Abstract

ABSTRACTAnglo-American missionaries traveled to Egypt in the nineteenth century in the hopes of revitalizing the Christian minority living under the Ottomans. They quickly realized that the Coptic Church, whose antiquity carried back to the first century, did not welcome or desire assistance from the Protestants. The missionaries were part of a larger colonial movement in the Middle East that drew them into direct contact with a material culture different from their own. The materiality of the Coptic Church, with its icons, Coptic manuscripts, monuments, and valued monastic hierarchy of saints, provided the rhetorical base for missionaries to articulate the deficiencies of the Copts in favor of the enlightened teachings of the Protestants. A complex layer of iconic images of the desolate desert, the lifeless tomb, and fanatics in the monasteries helped substantiate the colonial claim that Coptic Christianity was a ruined monument, akin to the ruined temples of antiquity.
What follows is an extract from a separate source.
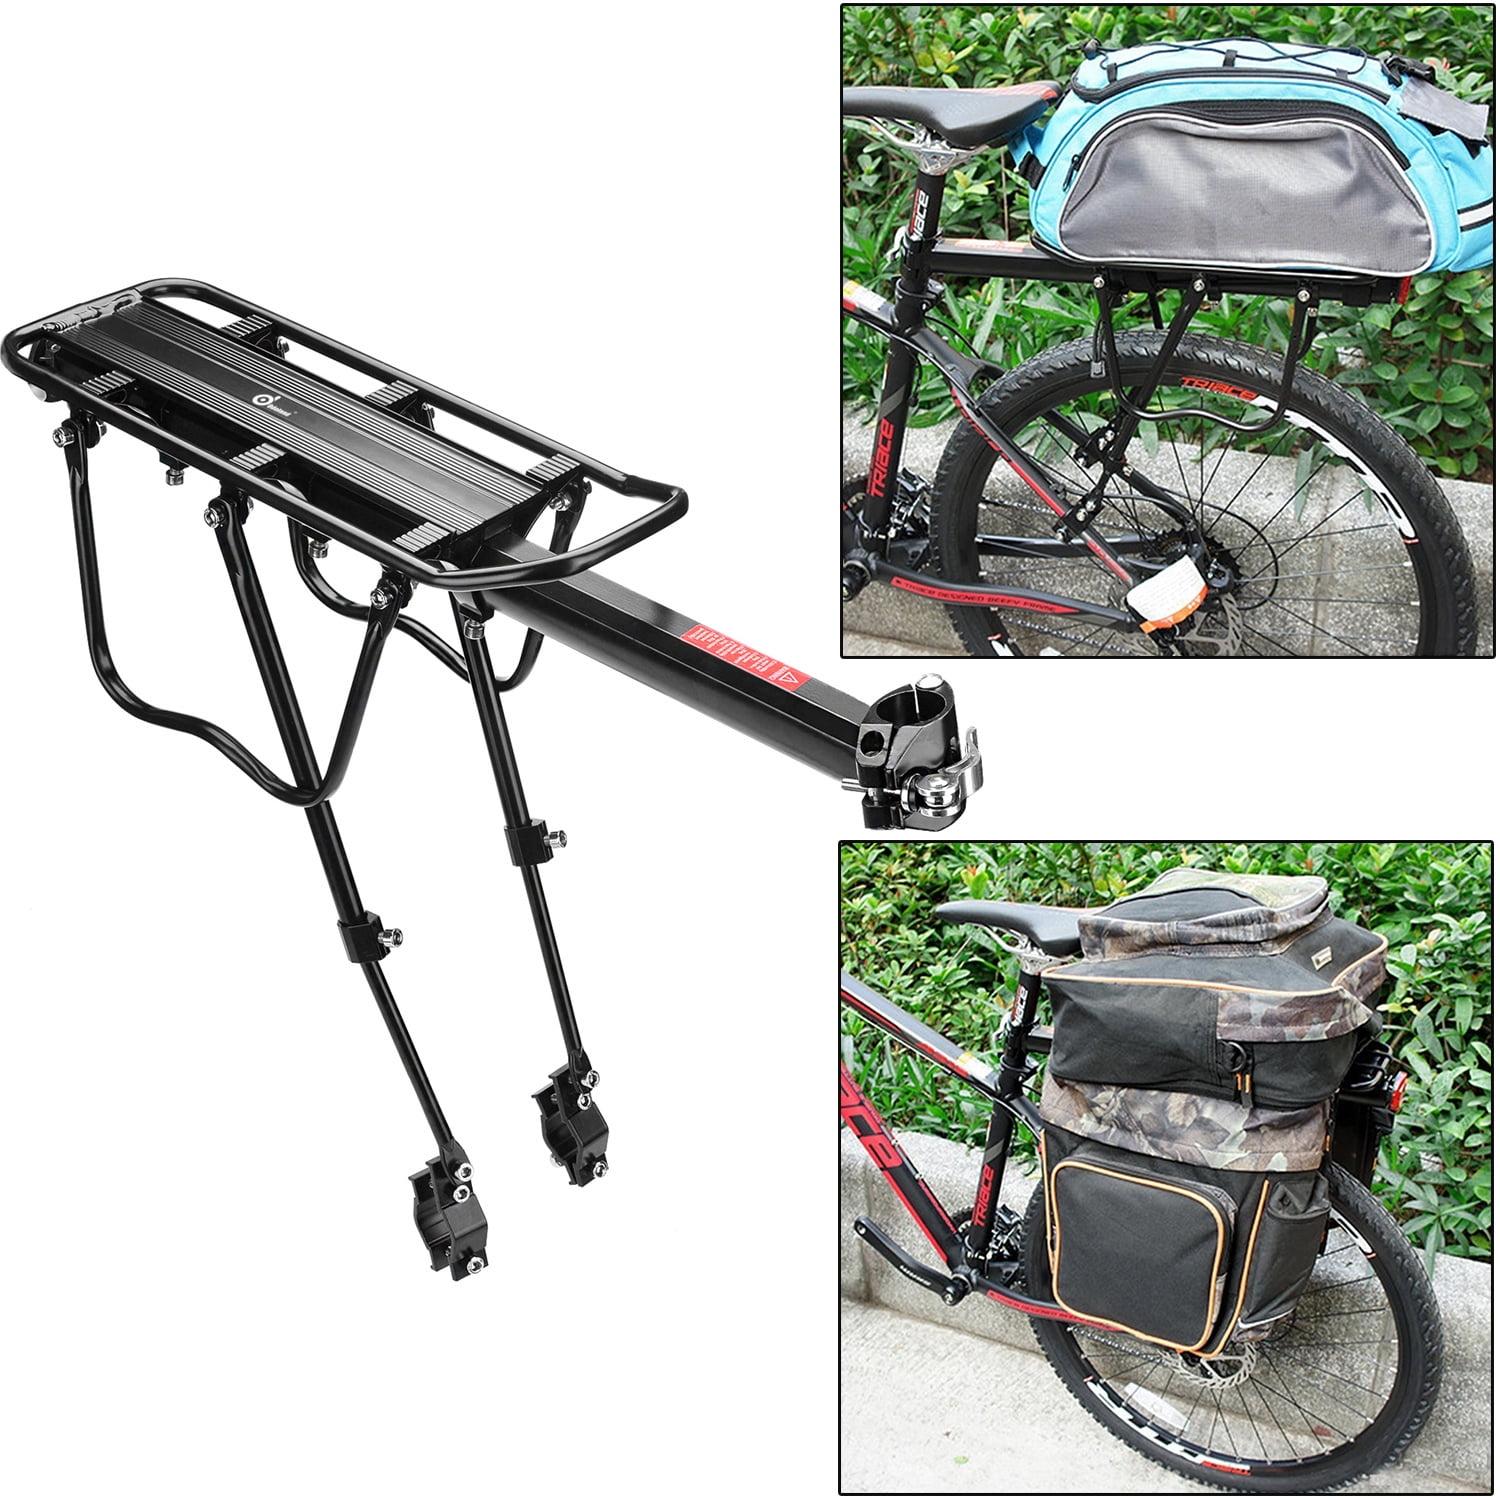 110 lbs Capacity Adjustable Rear Bike Rack Carrier Luggage

Travelogs and narratives of Anglo-American missionaries in Egypt provide a rich selection of evidence to examine the rhetorical strategies employed to legitimize why the Copts should abandon their traditional religion and adopt a new Christian heritage. The most effective image used was the desert as the uninhabited land of the uneducated and illiterate. The desert became an iconographic description to communicate the dire state of the Coptic Church.